La qualité pour recourir des voisins, à tout le moins des propriétaires des parcelles directement voisines de la parcelle litigieuse, était admise, ainsi que la recevabilité de tous les griefs susceptibles d’avoir une incidence pratique sur leur situation de fait ou de droit, notamment en raison du risque d’inondation. L’apport du dossier complet DD 2______ et du dossier pénal n’était pas nécessaire, car le dossier contenait les pièces nécessaires concernant la gestion des eaux, seule visée par l’autorisation complémentaire, et les juridictions administratives n’étaient en tout état pas compétentes au sujet des éventuelles conséquences pénales et civiles de la production de plans erronés.

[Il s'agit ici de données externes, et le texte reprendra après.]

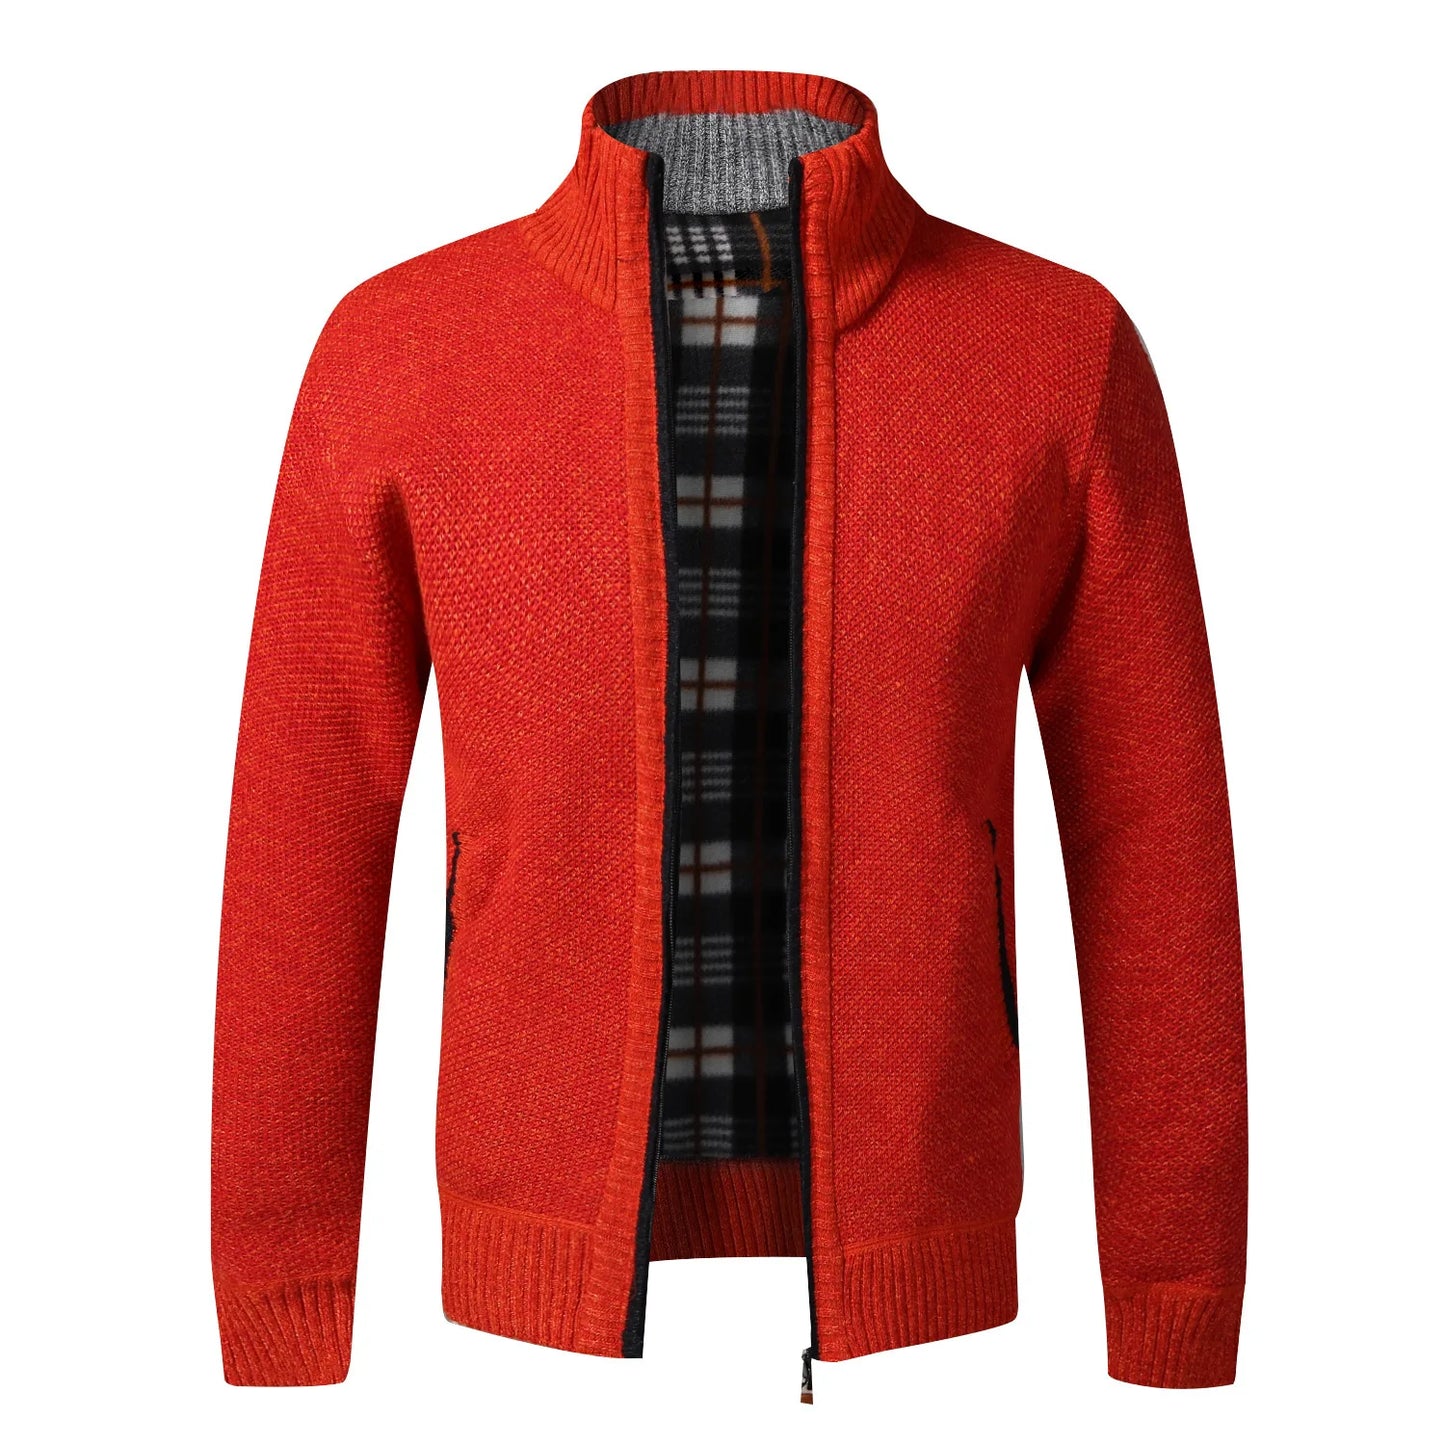 TEEK - Warm Knitted Zipper Sweater Jacket JACKET theteekdotcom orange US XS | Tag M 
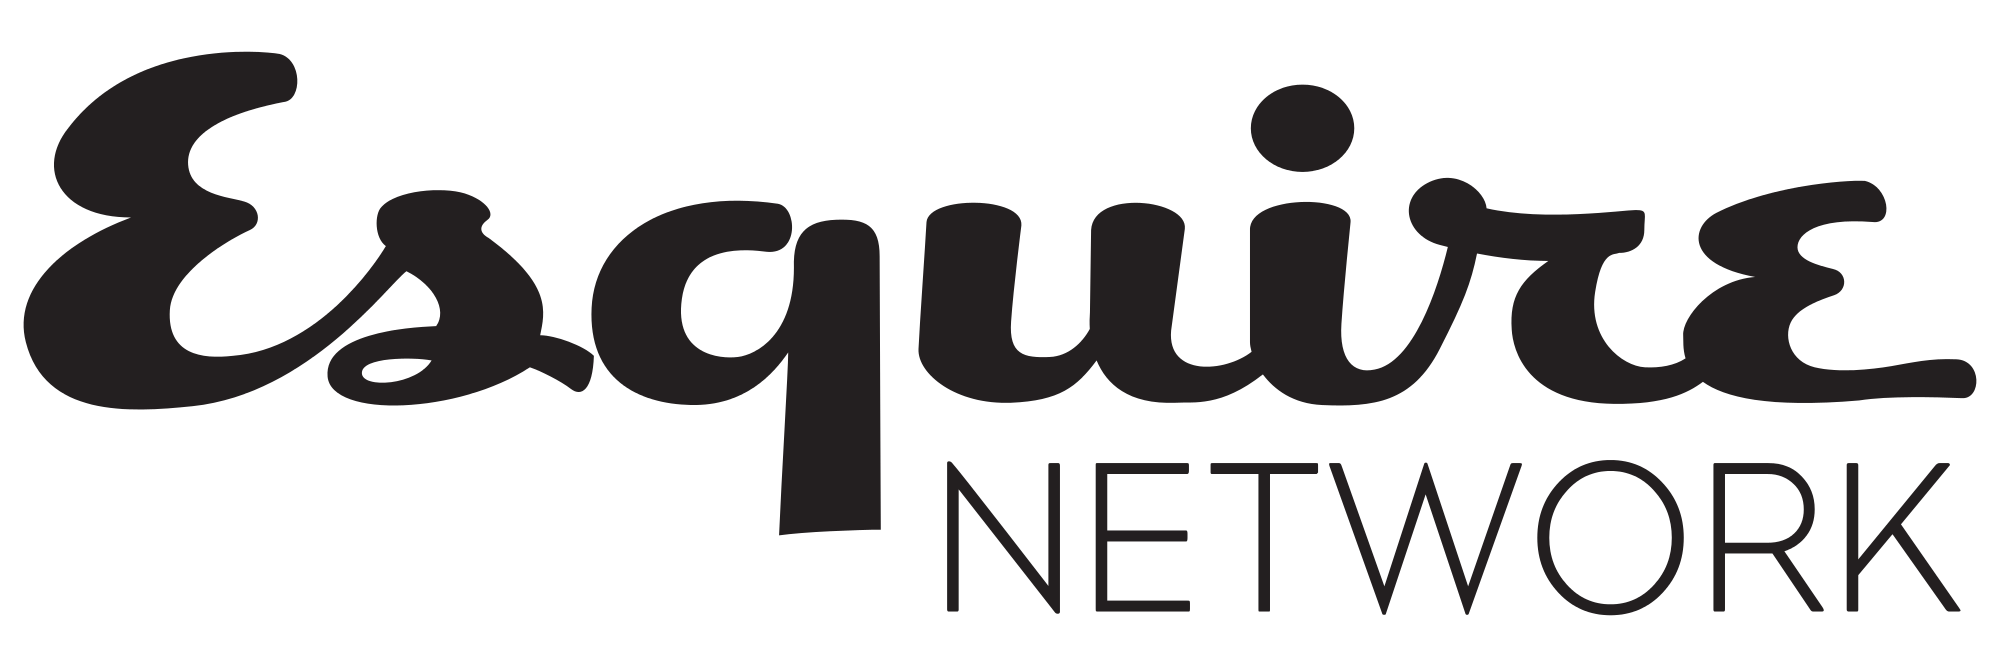 Esquire Logo - File:Esquire Network.svg - Wikimedia Commons

Les griefs relatifs au type de procédure d’autorisation suivie et aux règles sur le traitement des eaux polluées et leur déversement ou infiltration, étaient écartés.

Il y avait lieu d’entrer en matière sur la caducité de l’autorisation principale, qui ne pouvait être invoquée dans le délai de recours (la période déterminante pour la péremption n’ayant expiré qu’en novembre 2022) et qui entraînerait l’annulation de l’autorisation complémentaire. Laissant ouverte la question de savoir si la « fin de la procédure » correspondait à la date de l’arrêt du 3 novembre 2022 ou à celle de son entrée en force, le TAPI a écarté le grief de la caducité. L’autorisation de construire DD 2______/1, qui était une décision globale, et l’autorisation de démolition M 1______ étaient étroitement liées. Elles avaient été sollicitées, instruites et octroyées en même temps et visaient toutes deux à l’édification d’une nouvelle construction. Elles nécessitaient un examen global qui prenait en considération tant les travaux de démolition que ceux de construction proprement dit. Les travaux visant la mise en œuvre de l’autorisation de construire litigieuse, notamment les travaux de démolition, avaient été entamés près d’une année avant l’échéance, compte tenu de la présence d’un ouvrier le 6 décembre 2021 pour commencer les travaux de démolition, l’arrêt des travaux ordonné par le département le 8 décembre suivant, les travaux de désamiantage depuis à tout le moins septembre 2022, les constats faits le 18 novembre 2022 et l’achèvement complet des travaux de démolition de la villa et du décapement du terrain à fin mars 2023.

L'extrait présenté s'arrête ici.